49. Let the wind blow away your troubles, let the rain wash away your troubles, let the sun bring you warmth, let the moon bring you warmth, let love bring you happiness, and let friendship bring you happiness.
50. A full moon smells better. I wish you good health. Fish are swimming and birds are singing. So you laugh every day and have a glass of hops in your hand. I wish you a sunny day, more happiness and less sadness, and a better tomorrow.
5 1. butterflies flying, dragonflies chasing, a lot of troubles; Looking forward to flying swallows, looking forward to people returning, drinking more cups every time; Live like Xu, die together, grasp the fate and let go respectively; I hope we can be friends forever.

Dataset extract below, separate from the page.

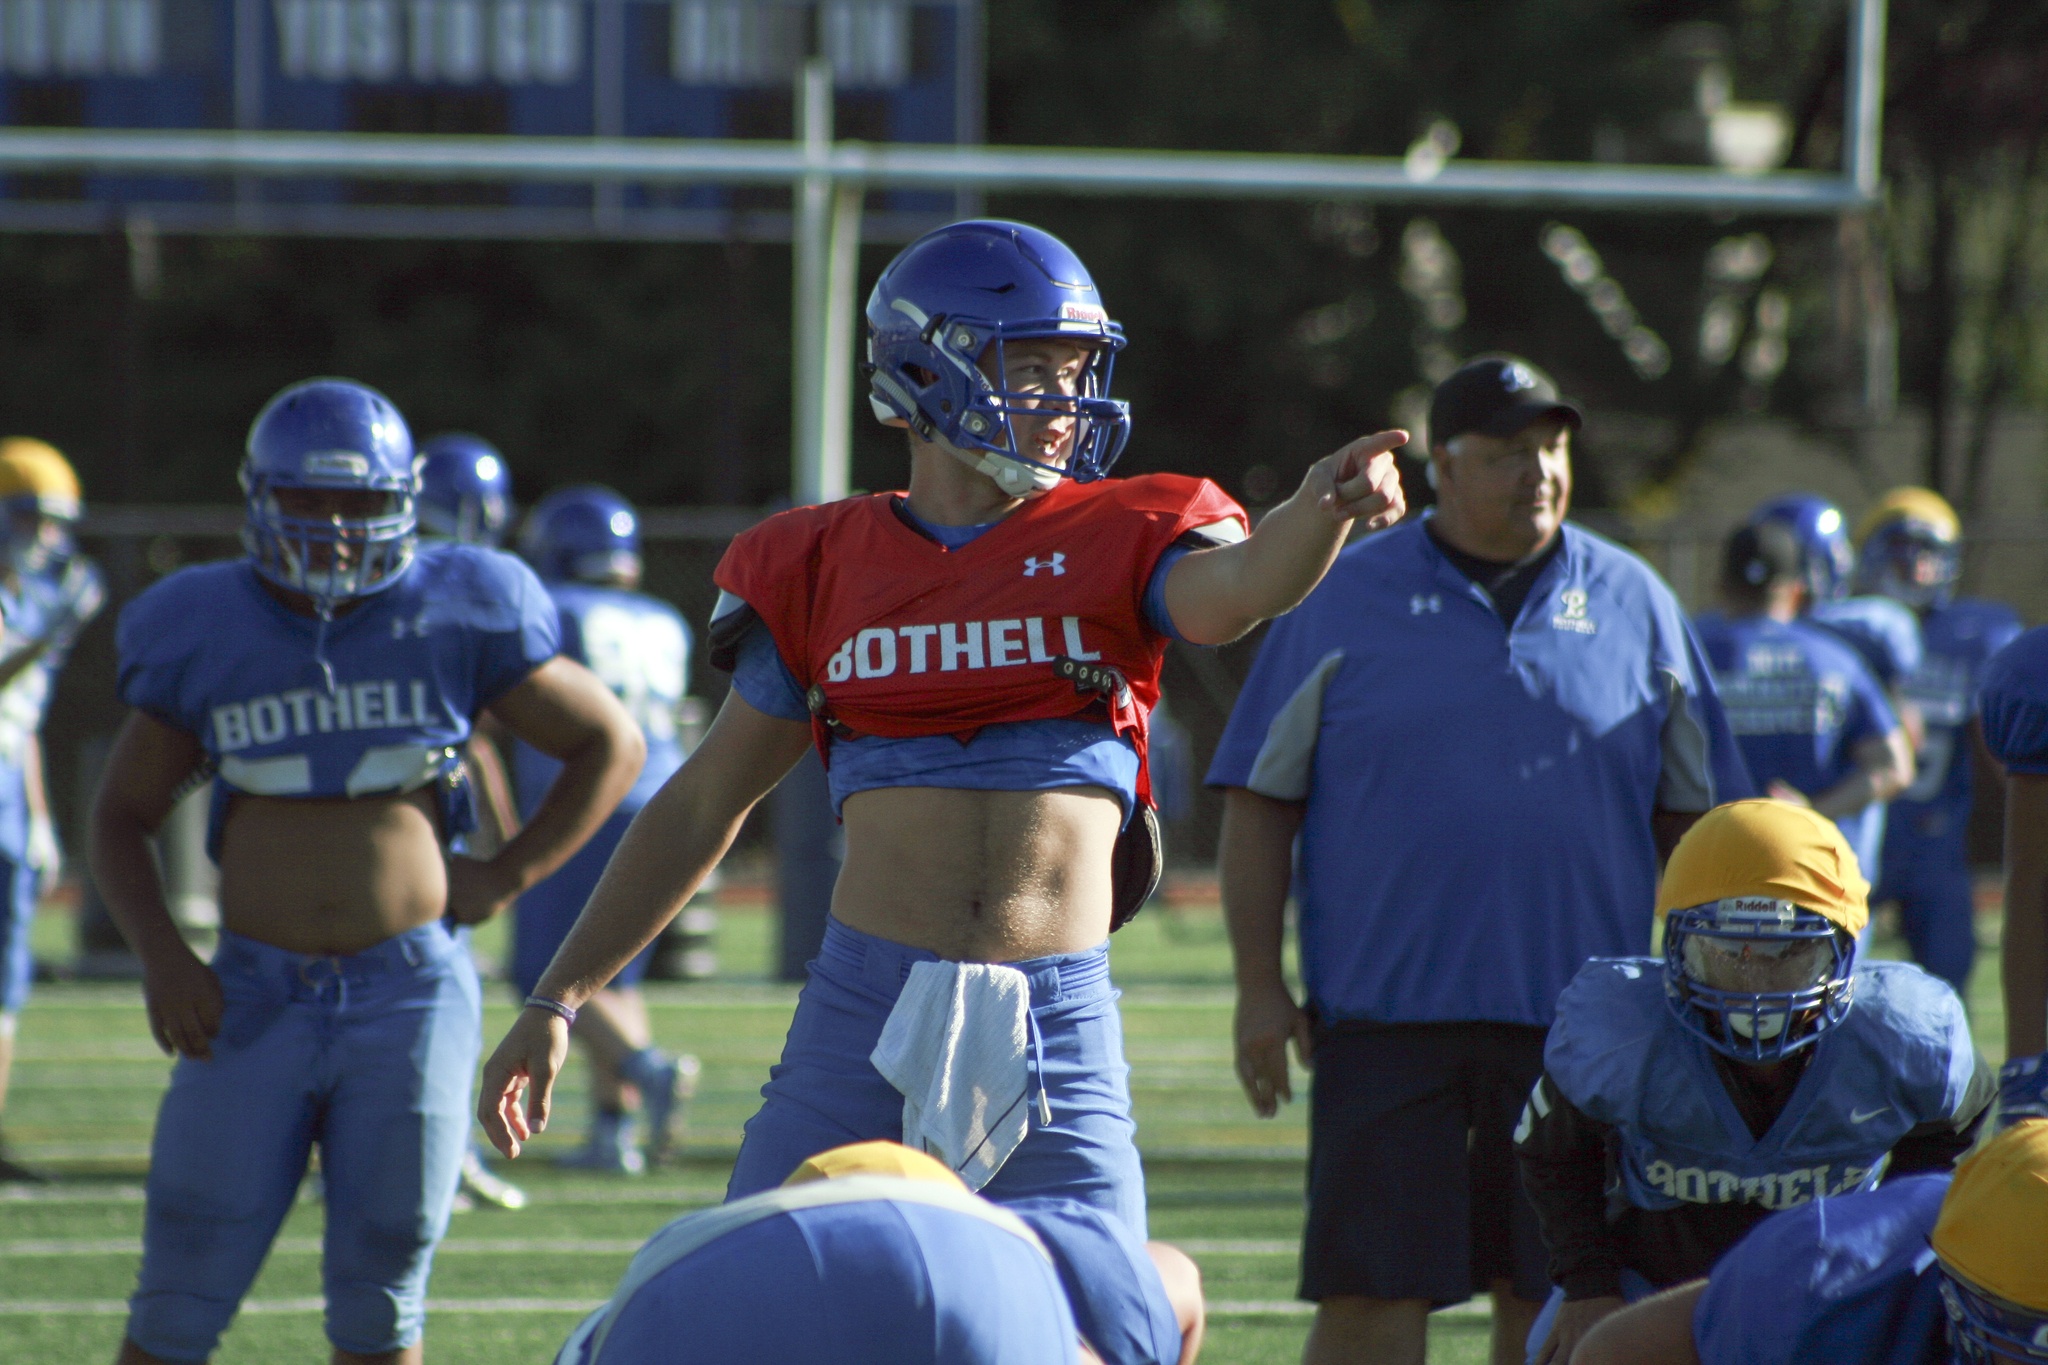 Bothell junior quarterback Jacob Sirmon directs players during practice on Aug. 22. Sirmon said he is an entirely different quarterback with a year of experience under his belt. For the full Bothell High School football preview story

5 1. fate; Let me meet you; Happy: let me know you; Happiness: Let me be your friend; Care: Let me miss you; Message: I have to send it to you.
52. I'll send you eleven new ones: feel comfortable in the morning, go out smoothly, be careful on the road, be patient when things go wrong, be cautious in making friends, be considerate of others, have confidence in yourself, have love for your lover, be happy at home and feel at ease at night.
53. Wu: 366237940
54. I don't miss you because of the change of seasons, I don't miss you because of the distance, I don't alienate you because of busyness, and I don't forget you because of the erosion of time. You will always be a friend in my heart. Please take care of yourself when the leaves fall.
I'm afraid of killing you with a stick and stabbing you with a knife. I'm afraid of seeing blood; Poison you, too many fake drugs; Electrocute you; The electricity bill is too high; Drowning you; Maybe you can swim. Forget it, I still miss you.
Acquaintance is sometimes providence. No matter how deep or shallow your wish is, we should cherish it. Don't expect. No matter how happy and sad you are, remember that I am willing to share it with you. No matter how far away you are, you have my blessing.
The best information is always given to you first, and the best mood always wants to share the best wishes with you, and this time is no exception. May your mood be as clear as a sunny day and infinite happiness.
58 people are like houses, and friends are windows. The more windows there are, the more moons there are in the house. I am the biggest window facing the sun. Send you flowers in spring, cool in summer, fresh in autumn and sunshine in winter. May you have a good mood every day.
I didn't mean to upset you yesterday. How about giving you a chance to be discouraged from me now? Take out a large portion of 100 yuan, fold it in half, fold it in half and throw it at me hard.
Zhu Fu.
60. Life actually has only three days: yesterday, today and tomorrow. I wish you, yesterday is worth remembering, and today is full of opportunities. I sincerely wish you a happy yesterday, a smooth day and good luck tomorrow.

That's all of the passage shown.